In 1971, the government of India "de-recognized" the Indian princes, and Manvendra's father consequently lost the title of Maharaja and the privy purse (an annual pension) that came with it. The princes adjusted to the new socialist regime; the Rajpipla royals converted their family seat, the Rajvant Palace in Rajpipla, into a tourist resort and location for film-shooting. They also set up a second residence in Mumbai, so that their children could have a somewhat normal childhood and adjust better to the realities of their new circumstances.

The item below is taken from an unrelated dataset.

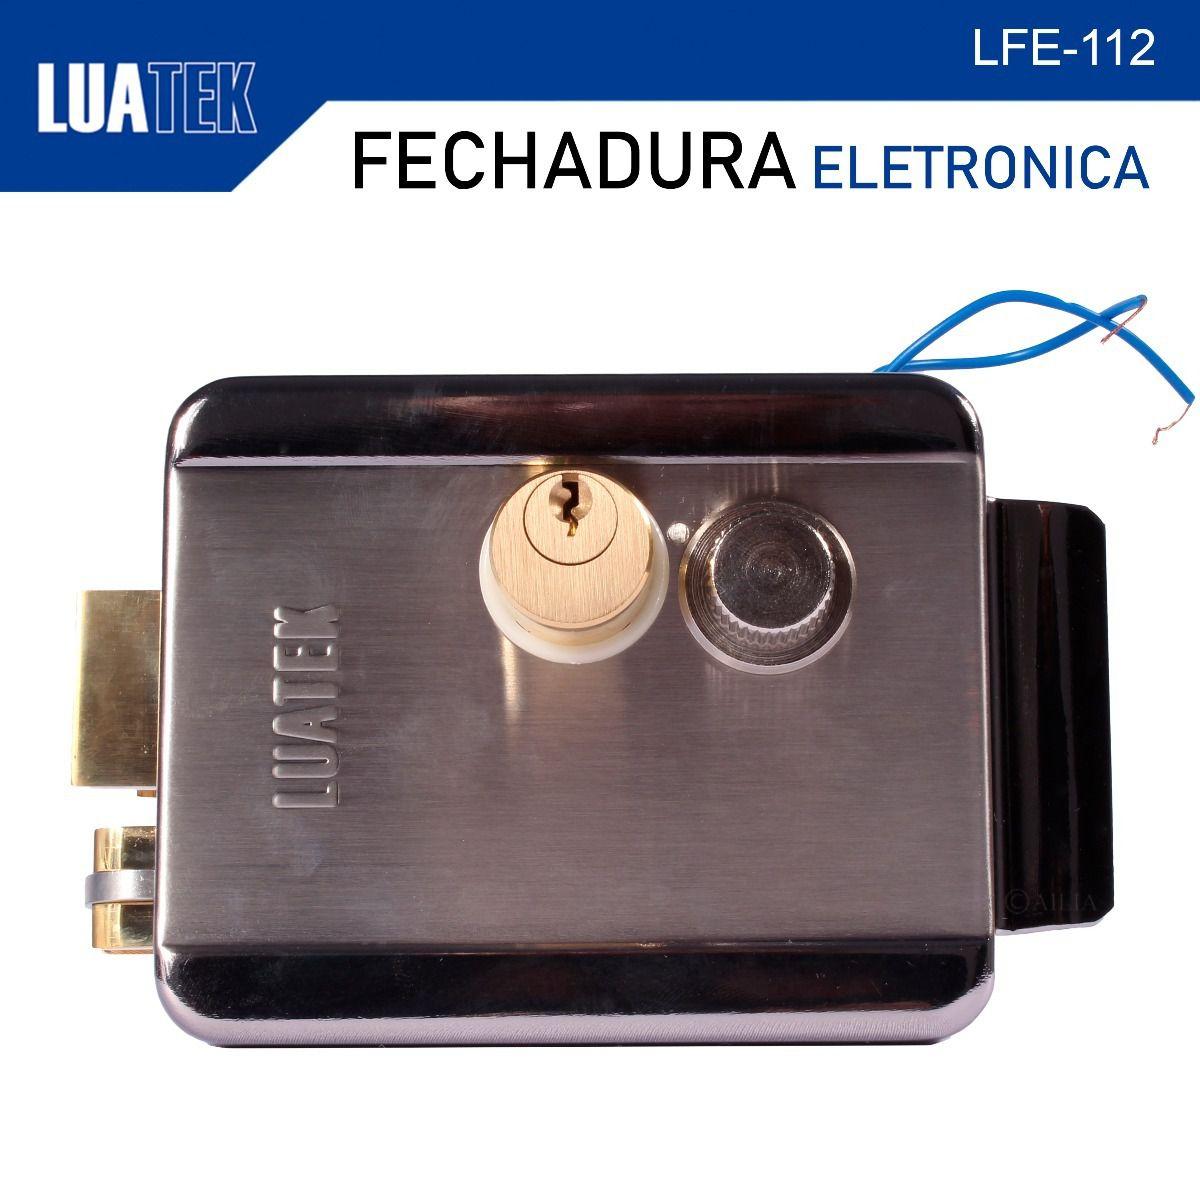 Trava Elétrica Fechadura Portão Eletrônico LFE-112 Luatek  - Wtech vendas e Assistência técnica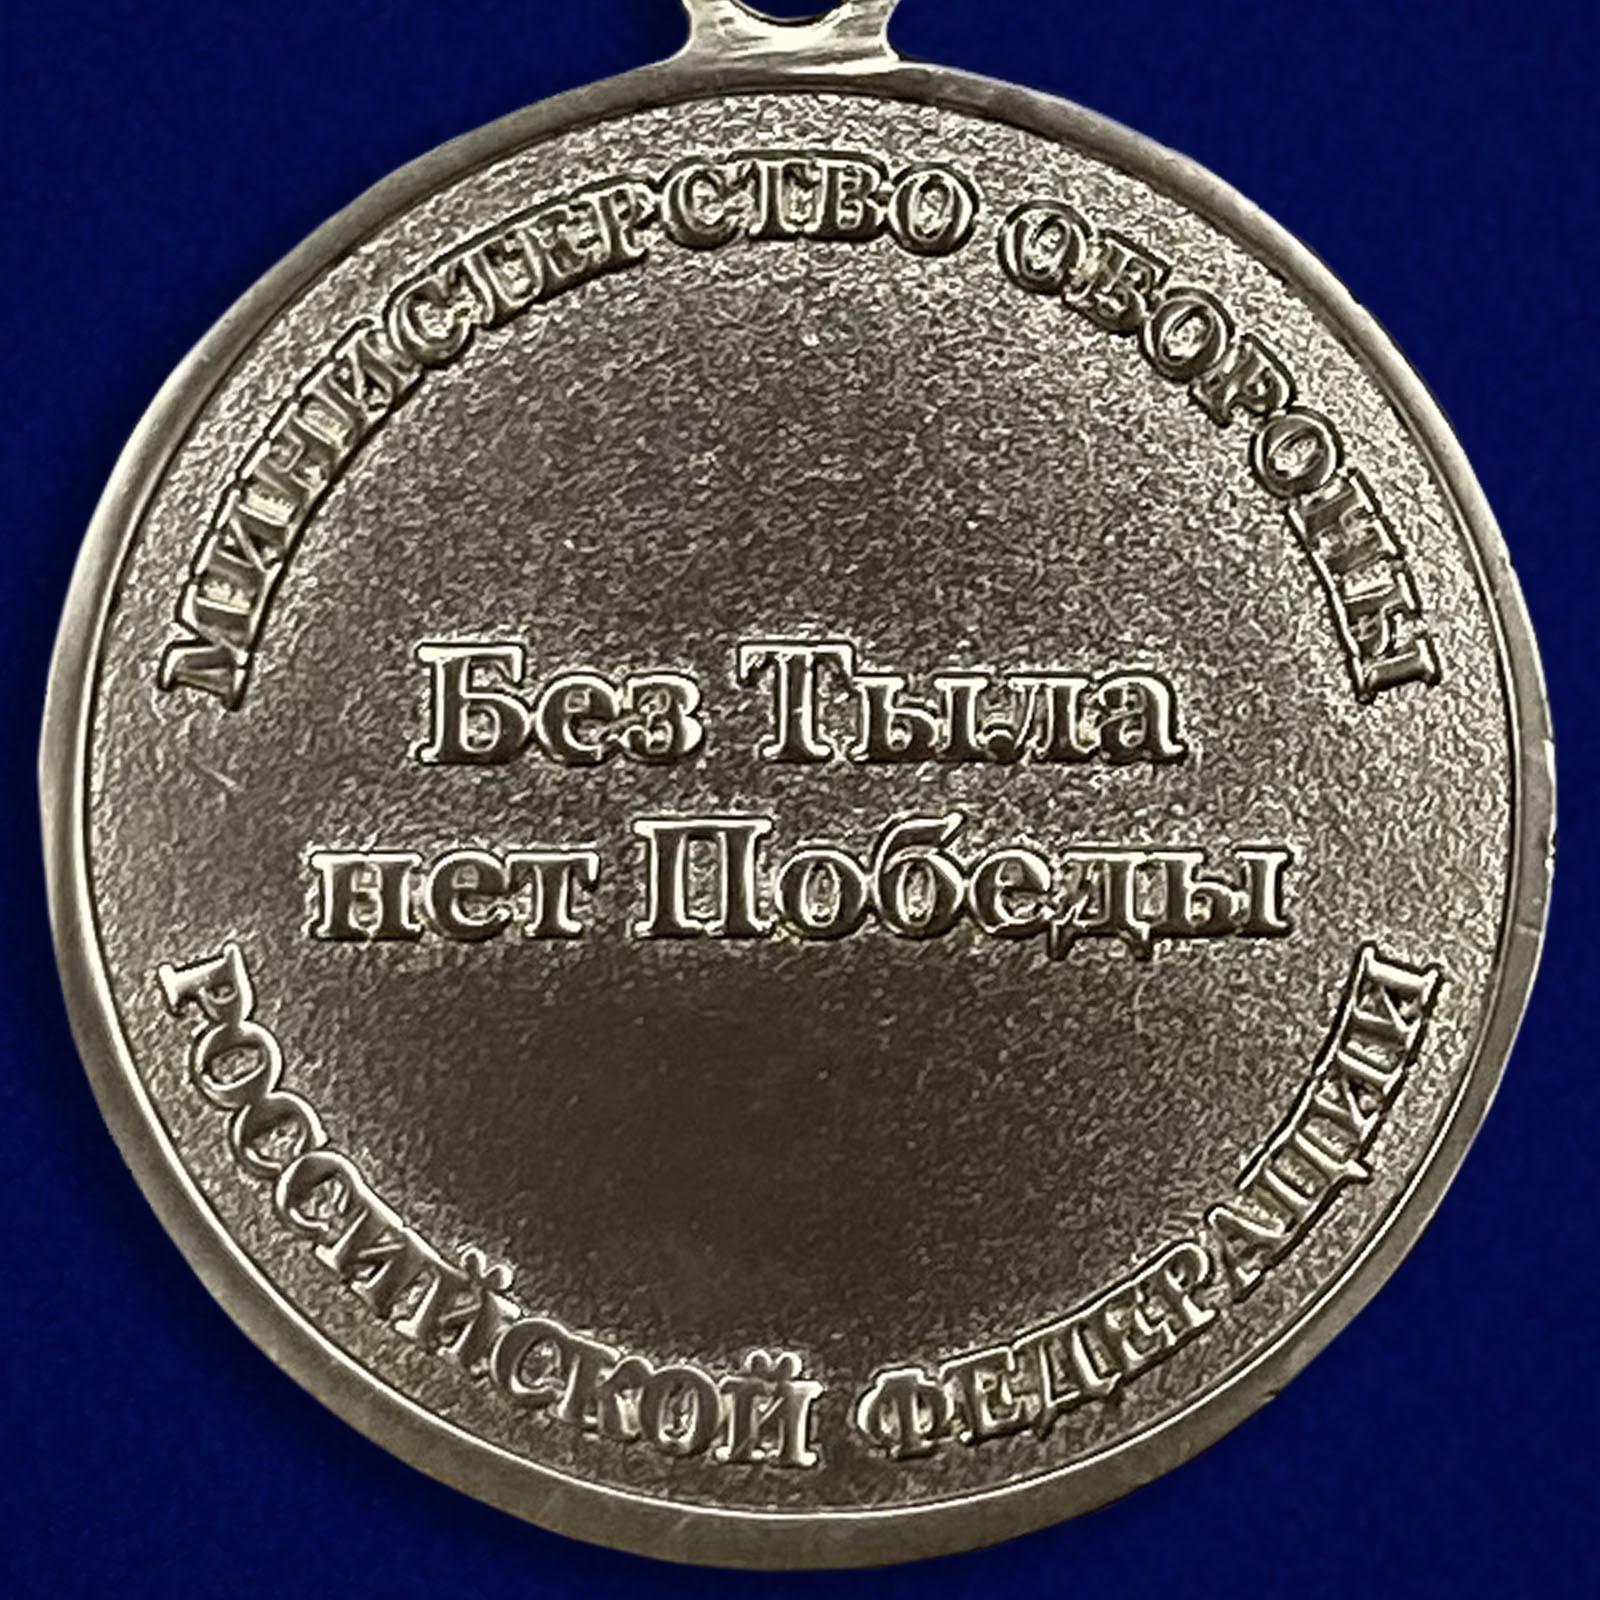 Купить медаль «Генерал армии Хрулев» МО РФ

Manvendra had a traditional and conservative upbringing. He was educated at Bombay Scottish School and at the Amrutben Jivanlal College of Commerce and Economics (one of the institutions in the Mithibai College campus in Vile Parle, Mumbai.

Married life

As the only son of the Maharaja of Rajpipla, Manvendra was expected to produce an heir and, as per Indian custom, his parents arranged a match for him. In January 1991, Manvendra married Chandrika Kumari, a princess of Jhabua state in Madhya Pradesh. However, suspecting her husband's true sexual orientation, Kumari filed for divorce just a year after the wedding. Manvendra later said of his marriage, "I thought that after marriage everything will be all right, that with a wife, I will have children and become "normal" and then I will be at peace. I was struggling and striving to be "normal." I never knew and nobody told me that I was gay and [that] this itself is normal and it will not change. That this is what is called homosexuality and it is not a disease. I tremendously regret for ruining (Chandrika's) life. I feel guilty, but I simply did not know better."[1] Mavendra also stated that "the marriage never got consummated. I realized I had done something very wrong. Now two people were suffering instead of one. Far from becoming normal, my life was more miserable."[2]

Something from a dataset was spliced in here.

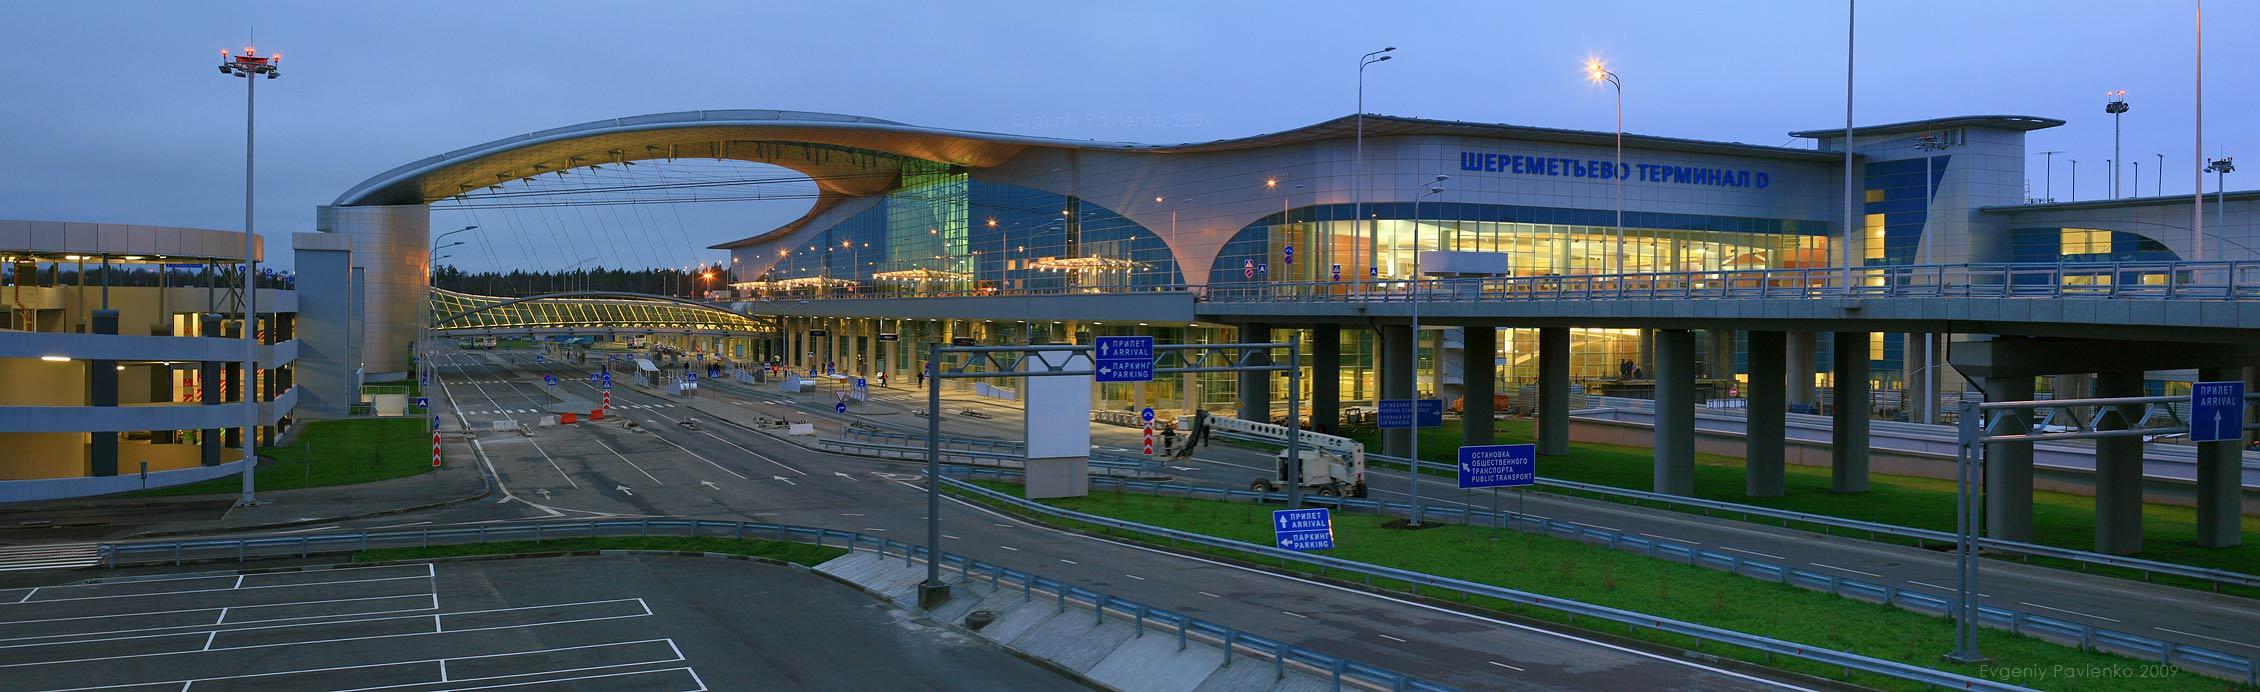 Аэропорт-Москва-Шереметьево

Nervous breakdown and limited revelation

After his divorce in 1992, Manvendra kept his sexuality repressed, as before, and hid the matter from his family and everyone else. He told his family that he would never marry again. He started avoiding company, became aloof and increasingly distant from his family. His parents concluded that the divorce had affected him badly. They decided to keep silent for a couple of years and then try again. The years passed but Manvendra did not change. He also lost his job in a bank and did not try for another. His father persuaded him to help with management of the family's remaining estates, farms and investments. This Manvendra did in a half-hearted manner.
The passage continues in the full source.